Our K-12 education system is in an undeclared state of emergency. That’s the stark assessment from the National Assessment of Education Progress (NAEP, or the Nation’s Report Card).
Like other recent results, the level of education catastrophe should surprise no one. Like before, we’re already seeing a surge of public hand-wringing and headlines of concern that will fade with the next news cycle. Unlike before, there is a chance to do something different in every state. We have to take it.
Tucked in the One Big Beautiful Bill was the nation’s first federal school choice tax credit, the most significant federal education policy in generations. Advocates have been working toward it for decades, and it first became a real possibility under then-Education Secretary Betsy DeVos. Now, one final barrier remains — governors must opt in so that their states can participate in the tax credit.
With these latest results, it’s clear what they must do.
The results are nothing short of a five-alarm fire, with 12th-grade math and reading scores clocking in lower than in 2005 and 1992, respectively. We’re looking at a lifetime’s worth of learning down the drain, as the bottom continues falling out and achievement gaps become insurmountable gulfs.
The kids are not all right.
The outcomes shock the conscience, but they are not a surprise. Students taking this test entered high school in 2020. That’s when education leaders were carrying coffins at protests, successfully agitating for more extended school shutdowns, extorting billions and billions in new spending from taxpayers, and assuring the nation that “kids are resilient.” The kids — especially those most vulnerable and in need of a quality education — were already falling behind.
Now, seniors who are about to walk across a stage, grab a diploma, and step into adulthood are less prepared to read, write and do math than their parents or even their grandparents were at the same age.

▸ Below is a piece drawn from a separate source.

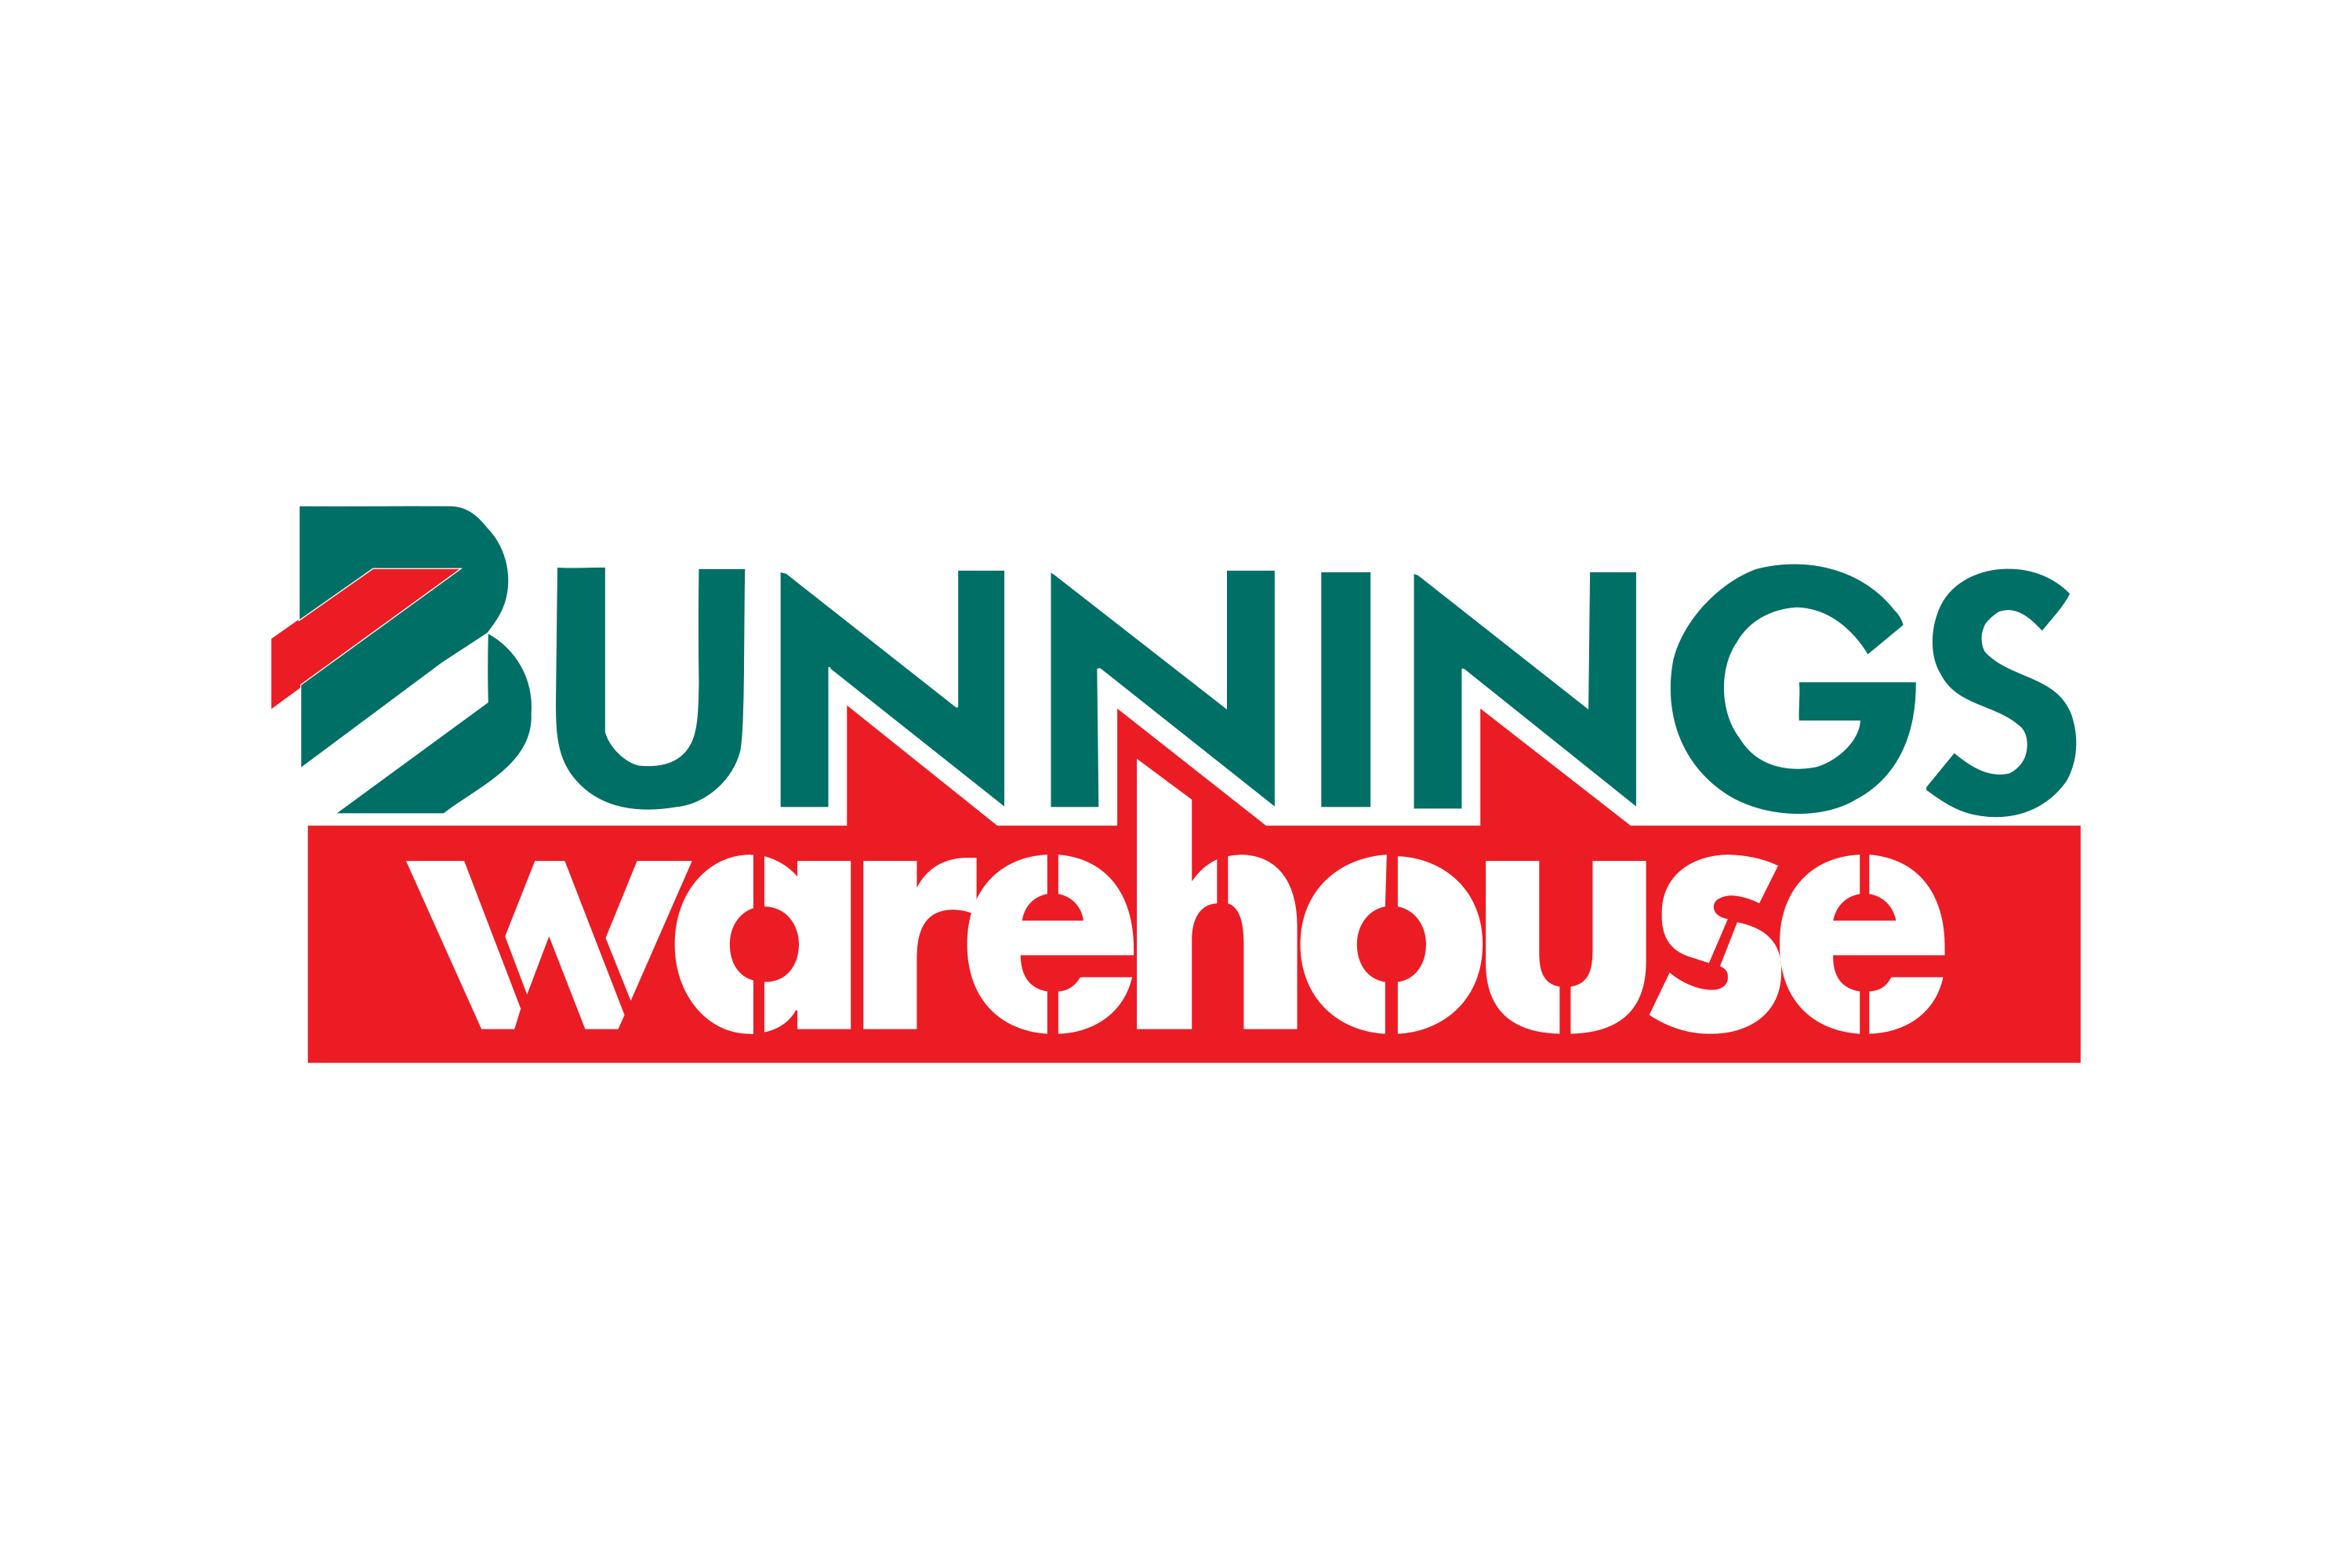 Download Bunnings Group (Bunnings Warehouse) Logo in SVG Vector or PNG File  Format

The scores speak for themselves.
—In science, just 31 percent of eighth-graders performed at or above “NAEP Proficient.”
—In math, just 22 percent of 12th-graders were at or above proficient.
—In reading, 35 percent of 12th-graders were at or above proficient.
This means that 69 percent of eighth-graders would struggle to describe the function of the circulatory or respiratory system or identify basic science practices. Just 22 percent of high school seniors could successfully carry out equations like finding the perimeter and the area of a figure. Just 35 percent of high school seniors can reliably read and understand a book and draw inferences about the author’s tone and word choice.
Things are bleak for the students still in school. These scores show that almost one-third (31 percent) of 12th-graders reported missing three or more days from school in the previous month in 2024. That’s a 5 percent jump from 2019 and similar to patterns for fourth- and eighth-graders that were seen in prior results.
Let’s be blunt. The system has neither incentive nor ability to fix itself, and America’s kids can’t wait any longer for them to figure it out. We know they’ll ask for more money, and we know it won’t work.
Taxpayers send nearly $900 billion to K-12 public education every year. It’s long past time to break away from the calls for more and instead ask where the money is going — and try something different: Real options.
Thanks to the recently passed federal school choice tax credit, actual options can come. If governors opt in, every state can incentivize donor-funded scholarships through federal tax credits for donors up to $1,700. At the same time, scholarship-granting organizations can offer a variety of scholarship amounts and purposes that meet the unique needs of students. Similar to programs that already exist in 18 states, this credit would offer a desperately needed mechanism for families who can’t afford options on their own.
It’s no secret that school choice is popular, and it’s no surprise that it reached terminal velocity during and immediately after the COVID-19 failures. It’s not just a political winner; it’s a moral imperative. Every governor must opt in to unlock genuine accountability and competition in the nation’s school system. Kids can’t afford to wait.